As I lay awake at one point I started thinking about the post-partum experience, and some of its various unpleasantnessess, and realized that I have some reasonable blog fodder -- some of it amusing, even -- if I wasn't too squeamish to blab to the wider internet about my bodily functions. I know some women do it, but I just don't think I can.
You're welcome.
But the fact is that despite the fact that this is my second child, there were things that surprised me about this post-partum experience -- some which were new (and normal) and some which I just didn't remember. And it occurs to me that this is frankly because we as a society don't talk about these things much. I mean, years ago, when families were closer and there were more of them, you might have watched a mother or sister or aunt go through pregnancy, childbirth, breastfeeding, and the post-partum experience, and you might not find these things were new when you happened to have your own child. Now we never talk about it -- I've only rarely discussed birthing with my mother, and only in the most general terms, never once touching on such subjects as lochia or something else that's intimate and kind of gross (come to think of it, I never once discussed menstruation with my mother either ... perhaps I'm just an anomaly, then ... )

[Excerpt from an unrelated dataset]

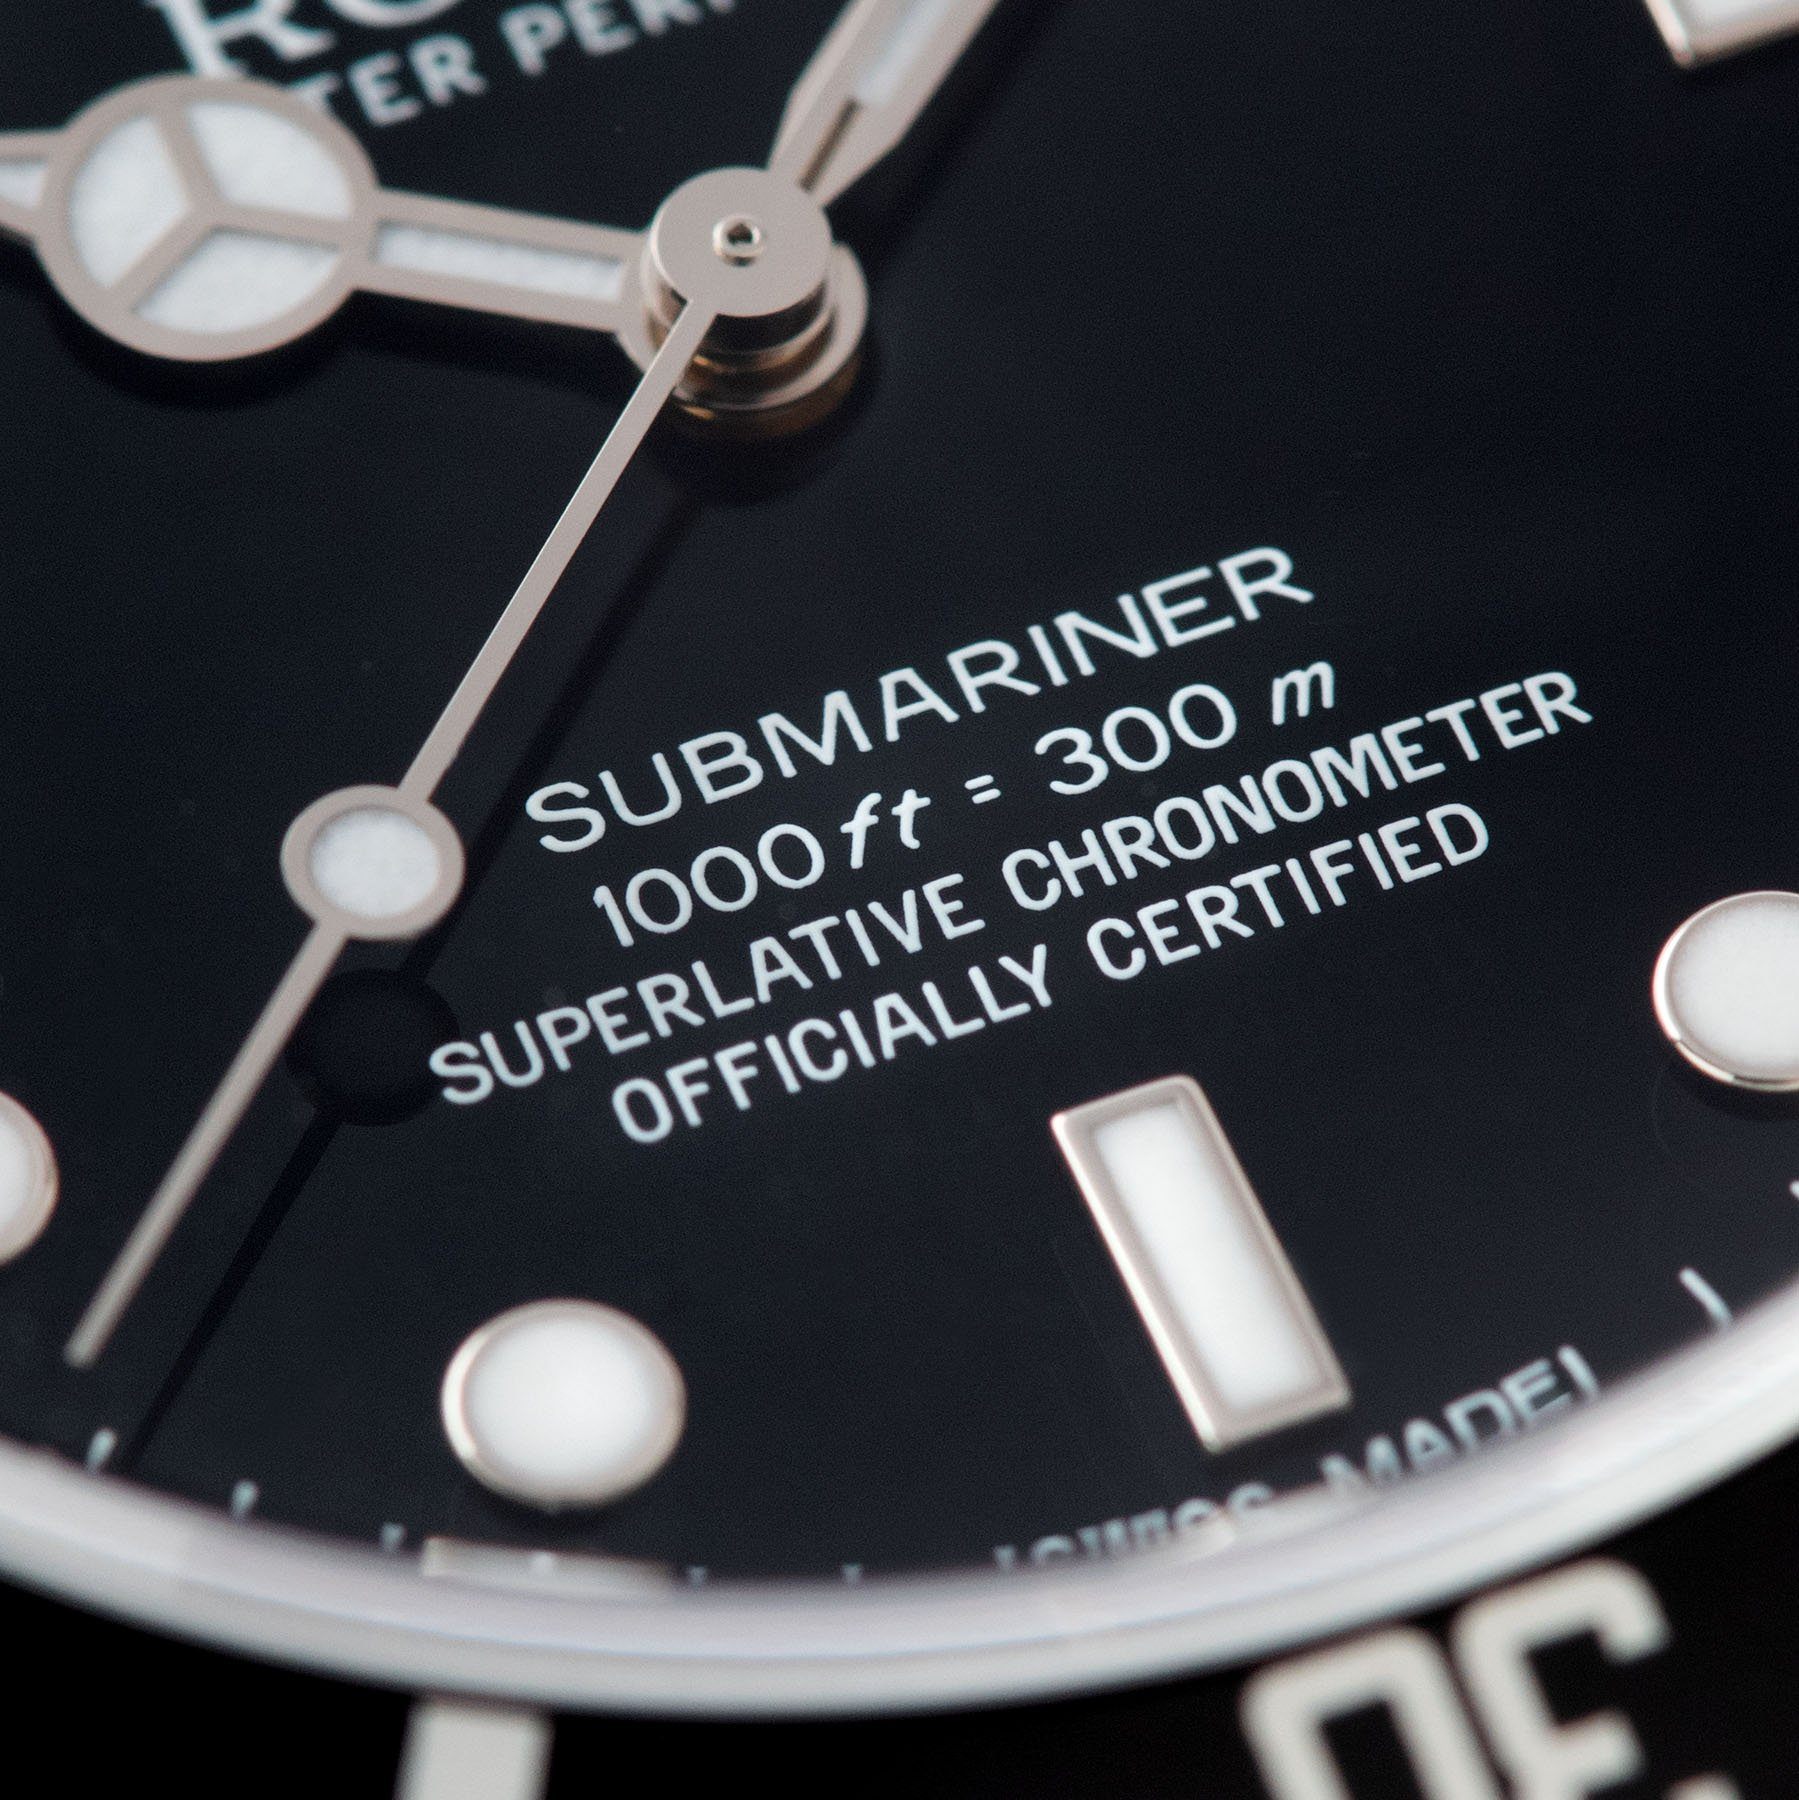 Rolex Submariner Four-Line Dial 14060M Full Set 4 liner details

I think it would be better if we were more open about these things. I mean, between mother and daughter / sister / aunt / close female relation or friend. I mean, it's nice to know what to expect, what's normal, and what you can do about these things. It's hard when you've never experienced them, and you end up calling your midwife every single day to ask anxiously about something that is in fact totally normal but you've never experienced before. She's patient and kind, I admit, and doesn't make me feel dumb, but given that women's bodies are supposed to do this kind of thing, wouldn't it be better if we just had a better personal operating manual? That we knew these things about our own bodies?
I will try, then, to give my daughter a better idea about her own body as she gets older. At the very least to be the first one to tell her that she'll get her period at some point, and not let the public health nurse do it.
Sheesh.
2 comments:
For what it's worth, my mom gave me the whole period run-down at some point before it happened and while it was mortifying at the time, it was ultimately a really good thing. Between that the class we got at school, I was prepared.
What I was not prepared for was my dad trying to be understanding/supportive. He'd be all "I bought you some pads while I was grocery shopping, they're in the bathroom closet". And I died on the spot. (I'm writing to you from beyond the grave!)
Looking back, though, cheers to my dad for being a good sport. :)
Also, I agree on the sisterhood thing, it would be so helpful and informative.